Fraude en el pescado: ¿qué tienes en el plato?

Autor: Angela Pauly
Fecha: Febrero 21, 2013



Salvo que vivas debajo de una piedra, habrás oído hablar de la lasaña de carne de caballo que se ha convertido en una crisis de etiquetado en la UE. Cuando, como consumidores, vamos a una tienda o restaurante, esperamos que nos den aquello por lo que pagamos, y me parece que eso es un derecho que tenemos frente a gobiernos y comercios de alimentación.

Lamentablemente, el problema no termina con la ternera, sino que también se extiende al pescado. Nuestros colegas de Estados Unidos han difundido hoy un informe en el que destapan un fraude que abarca todo el país. En una de las mayores investigaciones realizadas a día de hoy sobre el fraude en el pescado, los tests de ADN han confirmado que el 33% de 1.215 muestras de pescado recogidas por Oceana en 674 comercios estadounidenses estaban mal etiquetadas, llegando al 52% en California.

La Dra. Kimberly Warner, autora del informe y científica de Oceana, describe así los hallazgos: “Algunos de los sustitutos que hemos encontrado son alarmantes. Aparte de engañarles, a muchos consumidores se les niega el derecho a elegir en conciencia el pescado según sus inquietudes en materia de salud o medio ambiente”.

¿Y esto qué tiene que ver con Europa, os preguntaréis?

Bueno, todo.

Es verdad que no se ha hecho un informe a esta escala en UE, pero ya ha habido pruebas en diversos países europeos que sugieren problemas en el etiquetado.
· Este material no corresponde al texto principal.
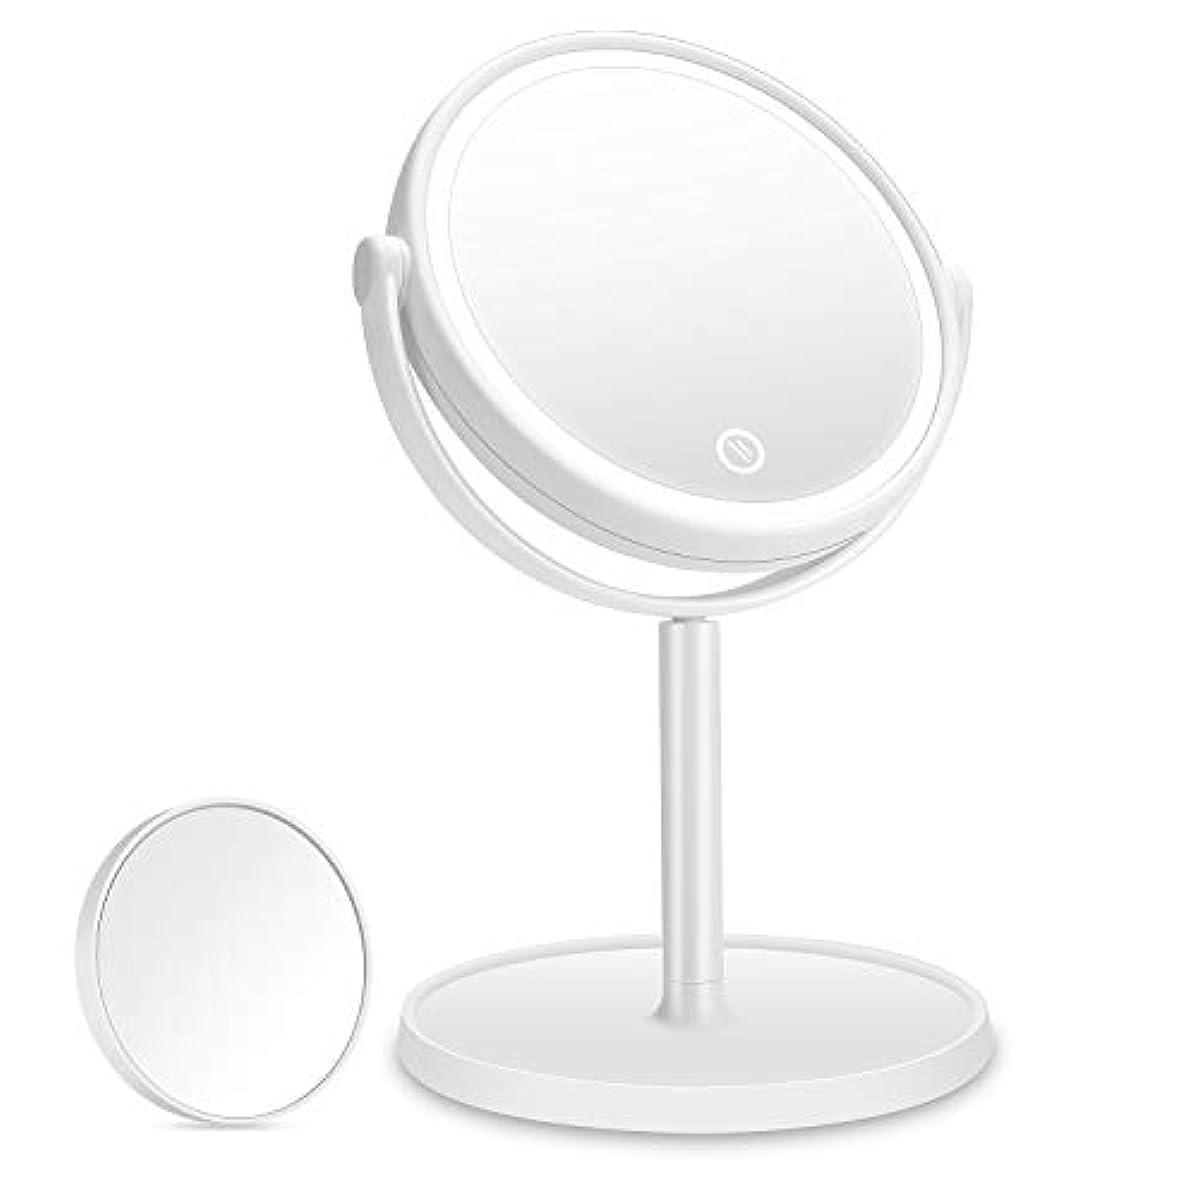 著名な属性妨げる化粧鏡 Aidbucks LED 拡大鏡 3倍 卓上鏡 メイク 女優 スタンドミラー LEDライト付き 明るさ調節可 充電式 360度回転 収納 自然光 柔らかい光 折りたたみ式 USB/乾電池給電 ホワイト
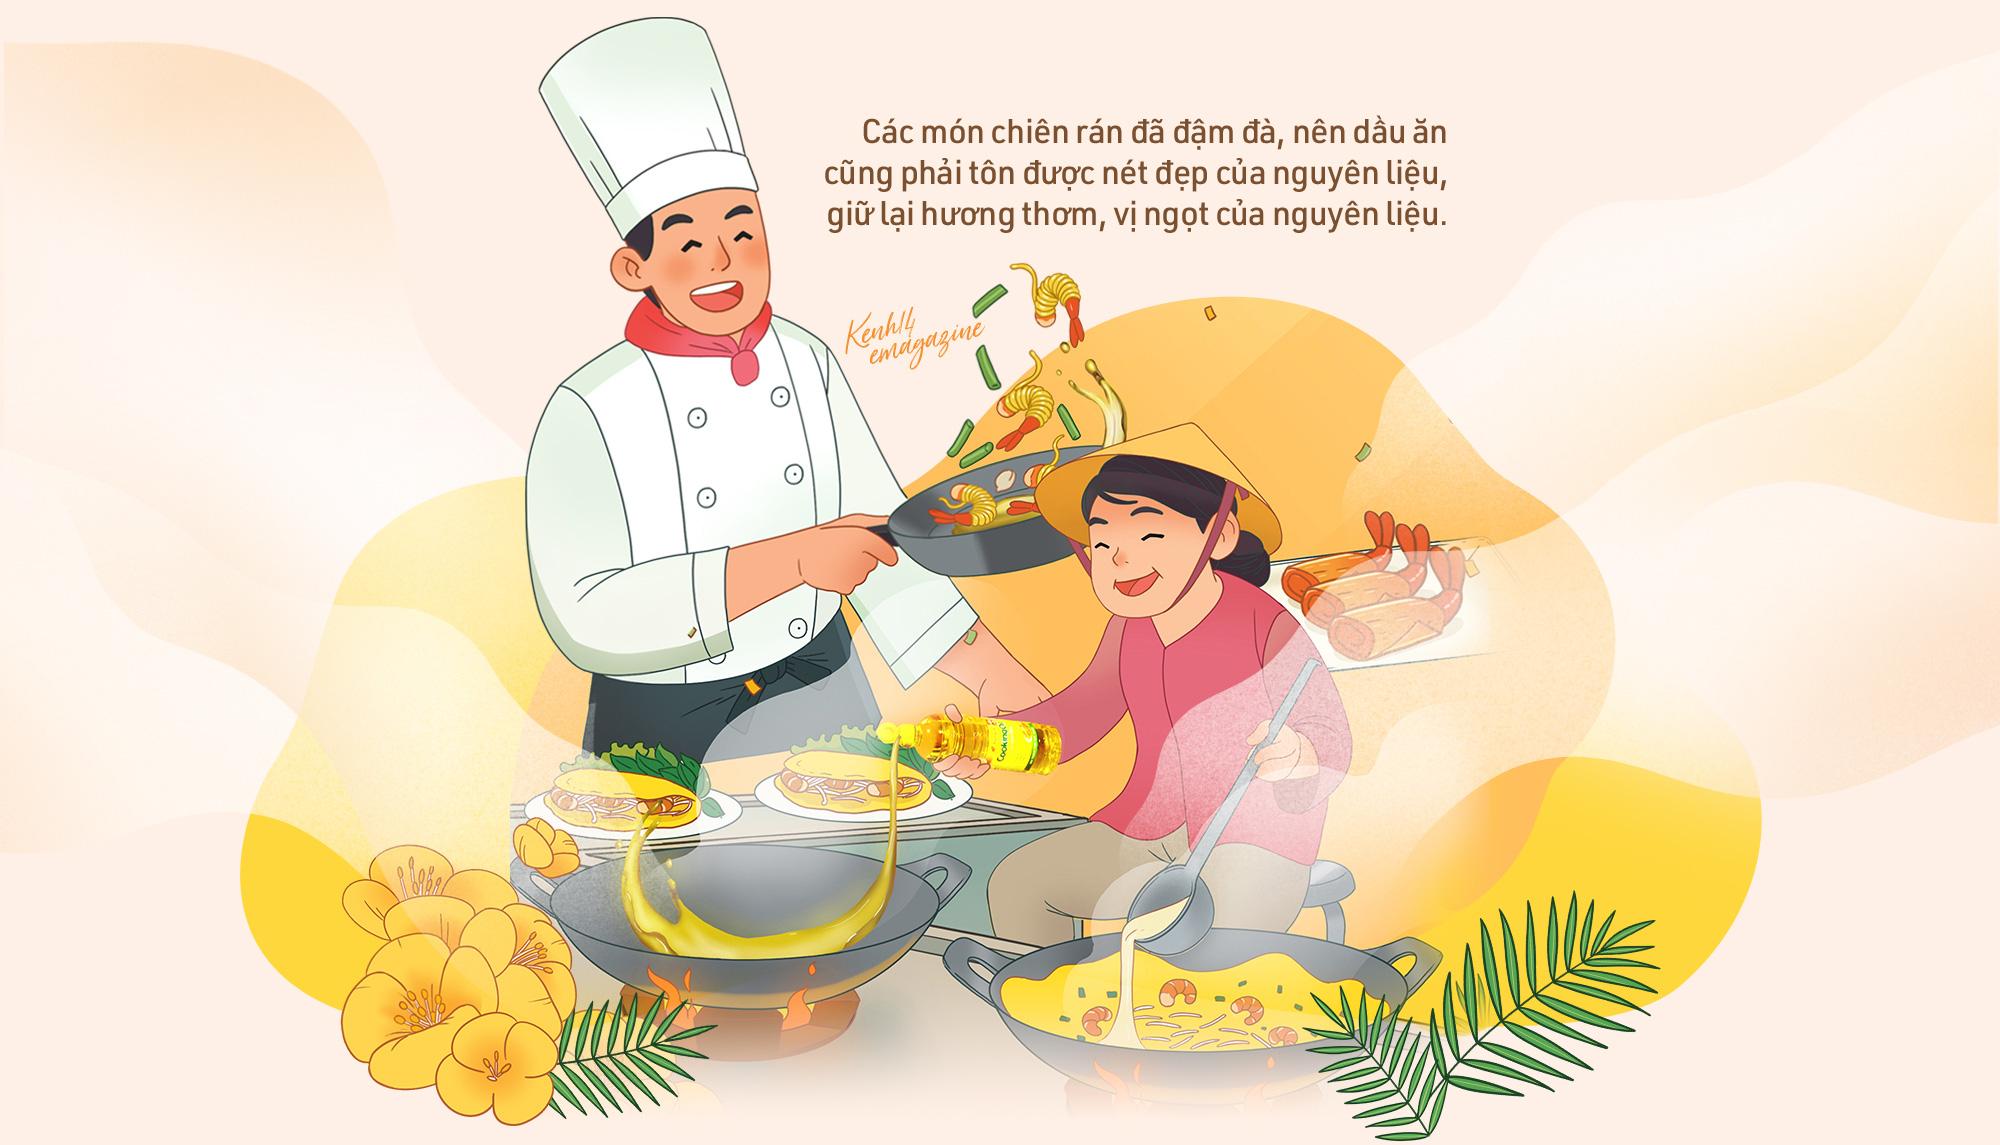 Bản đồ ẩm thực Việt chưa bao giờ thiếu những món chiên rán giòn ngon mà vùng nào cũng có, bí mật nằm ở đâu? - Ảnh 6.

En 2011, un estudio reveló que en Irlanda el 28% de los productos de bacalao estaba mal etiquetado y provenía de variedades de bacalao menos sostenibles o especies más baratas, como bacaladilla, abadejo y carbonero. En países mediterráneos, como España, Italia o Malta, cuando el cliente pide pez espada (“emperador”) puede que reciba tintorera, similar en gusto y en apariencia, pero más barato.

Queda mucho que hacer para asegurarse de que la comida que compramos para nuestras familias es lo mismo que pone en el cartel de la tienda. Es fundamental que haya una concienciación pública. Desde que saltó la noticia del escándalo de la carne de caballo, este se ha convertido en un problema que la UE no puede ignorar, y esperamos que nuestros colegas de Estados Unidos convierten el fraude generalizado en el pescado en algo que el gobierno de este país tampoco pueda ignorar.